* _Data extract_
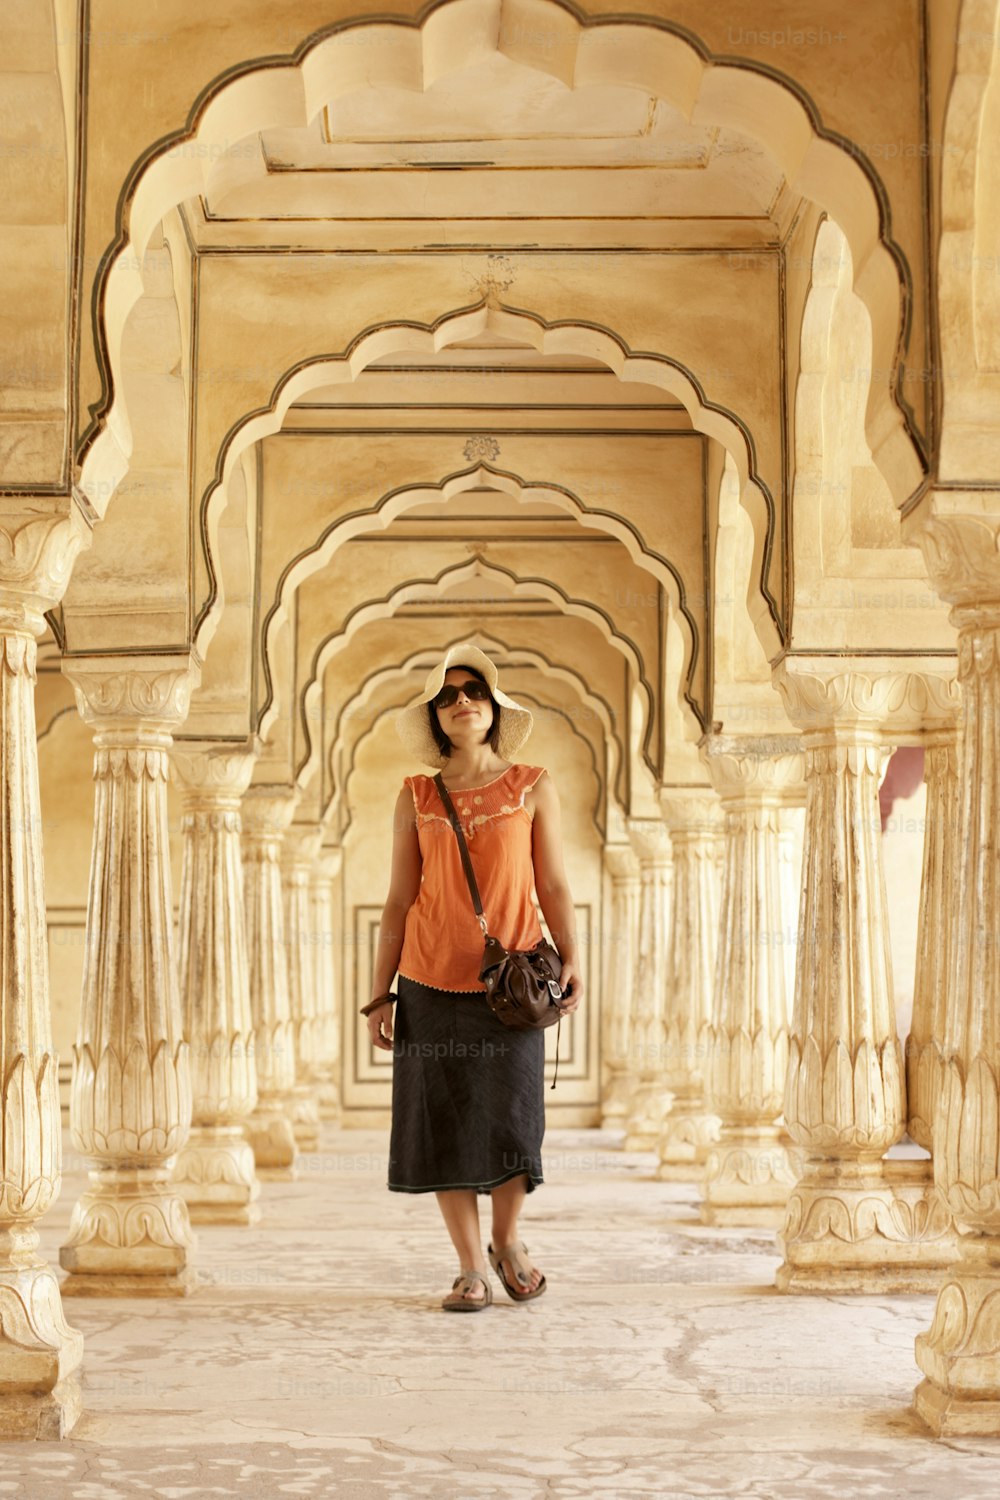 a woman in an orange shirt and black skirt standing in a building
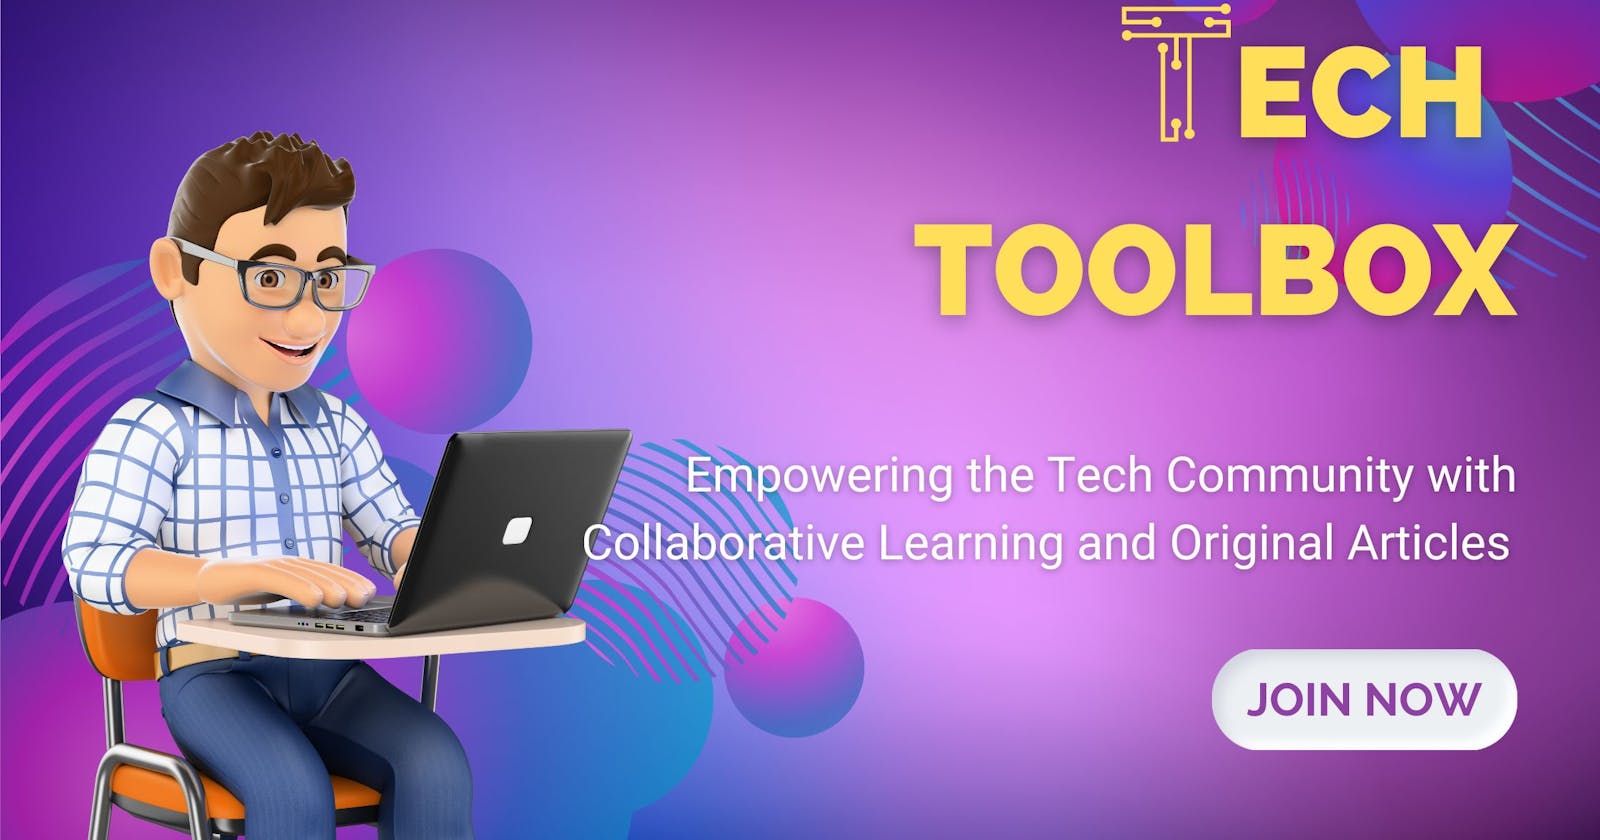 Tech Toolbox: Empowering the Tech Community with Collaborative Learning and Original Articles
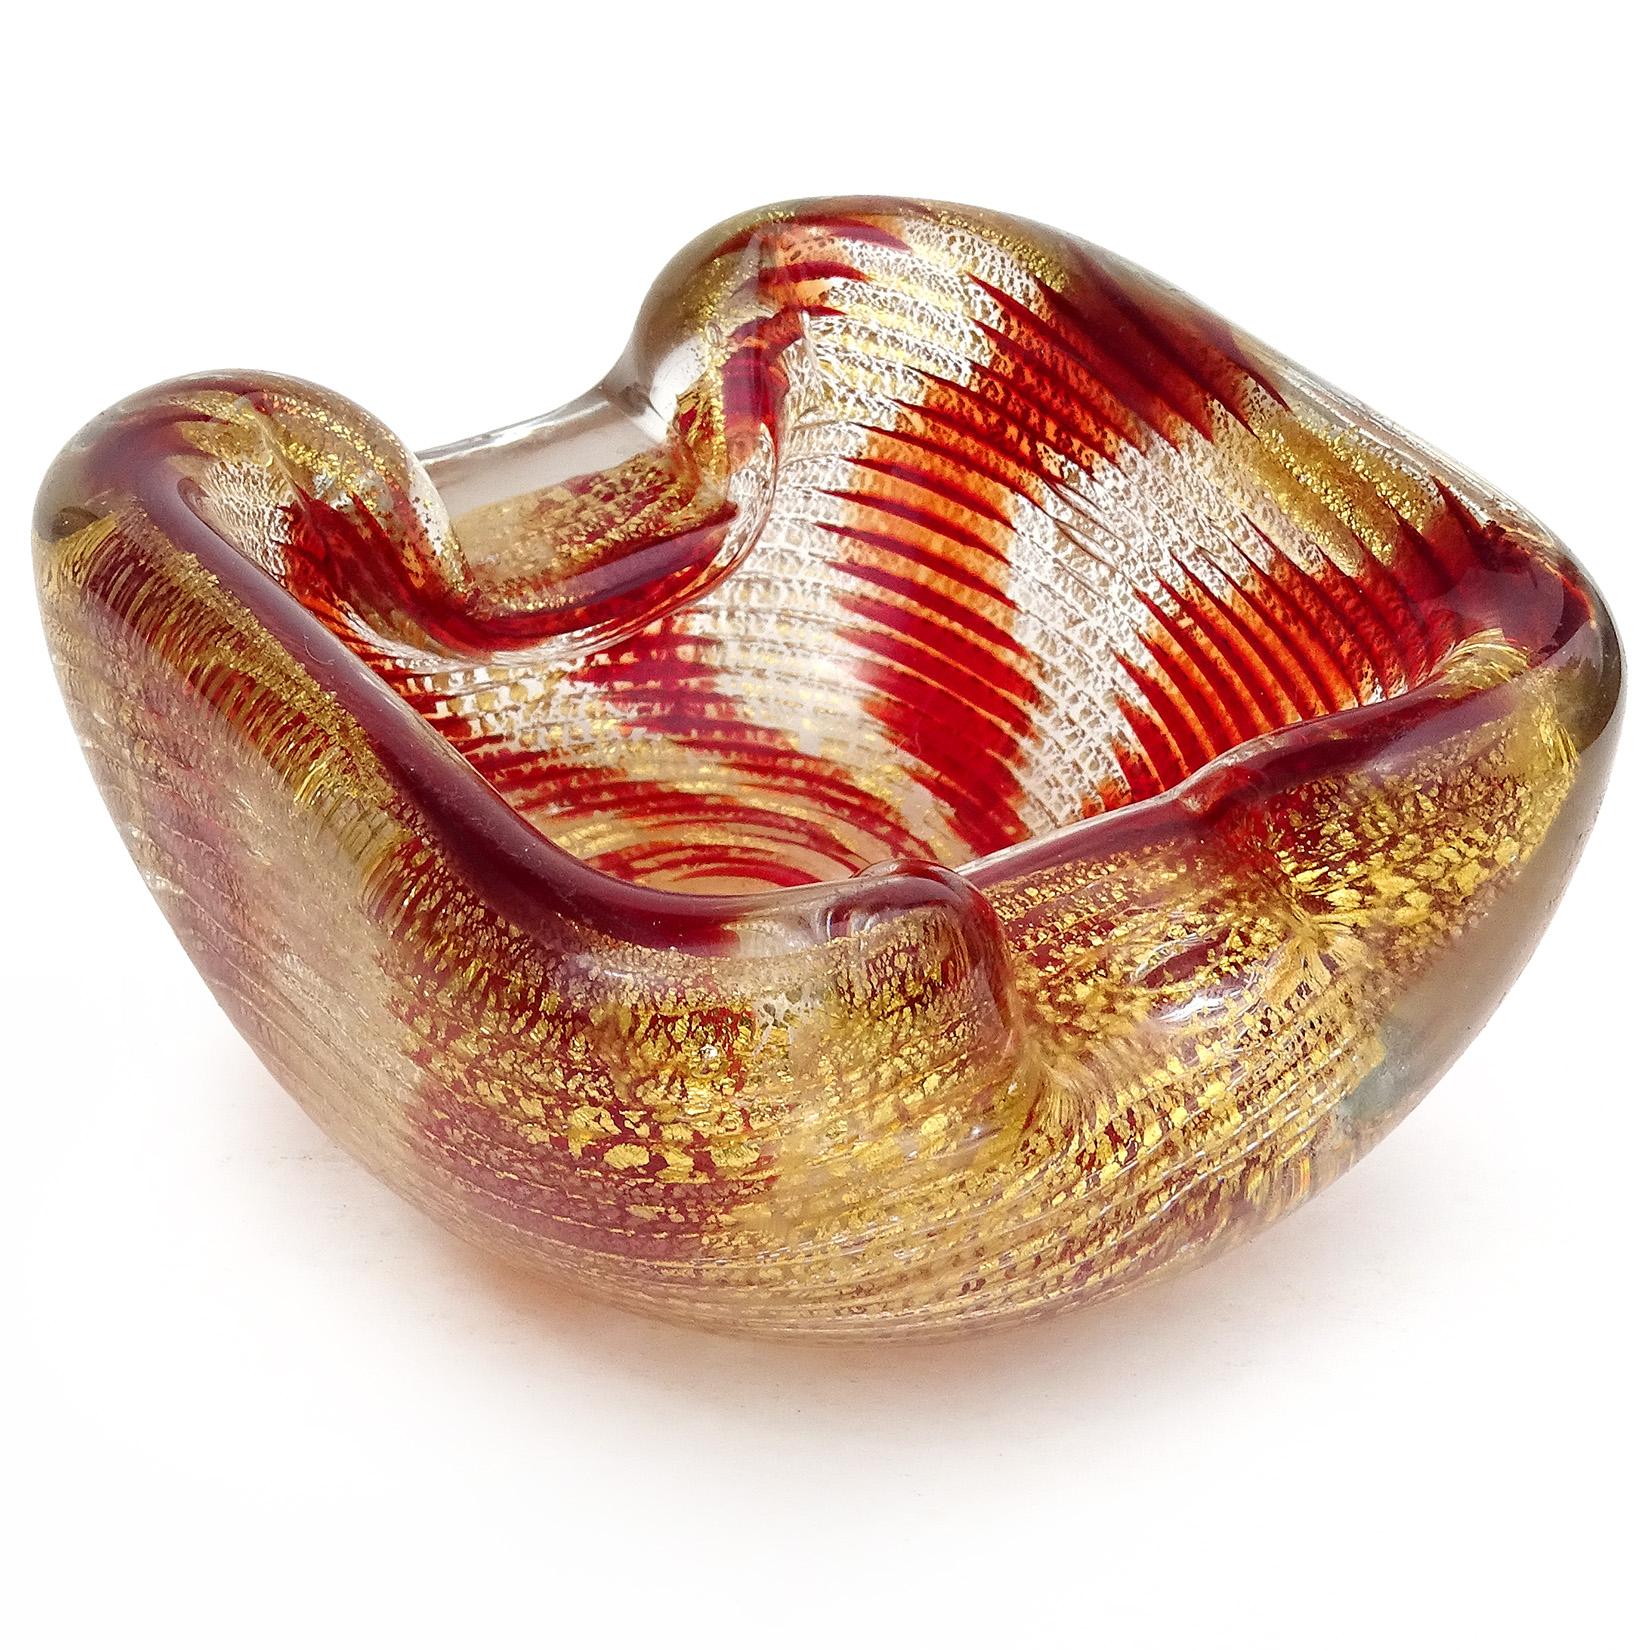 Beautiful vintage Murano hand blown red and gold flecks Italian art glass sculptural chunky vide-poche, bowl or ashtray. Attributed to the Barovier e Toso company. The bowl has a a very unique striped pattern, and an optic design with swirling red

* _Problem details_
The job is to return the listing above exactly, minus its pictures.

* _Answer to the problem_
 a woman in an orange shirt and black skirt standing in a building
 Tech Toolbox: Empowering the Tech Community with Collaborative Learning and Original Articles
 Beautiful vintage Murano hand blown red and gold flecks Italian art glass sculptural chunky vide-poche, bowl or ashtray. Attributed to the Barovier e Toso company. The bowl has a a very unique striped pattern, and an optic design with swirling red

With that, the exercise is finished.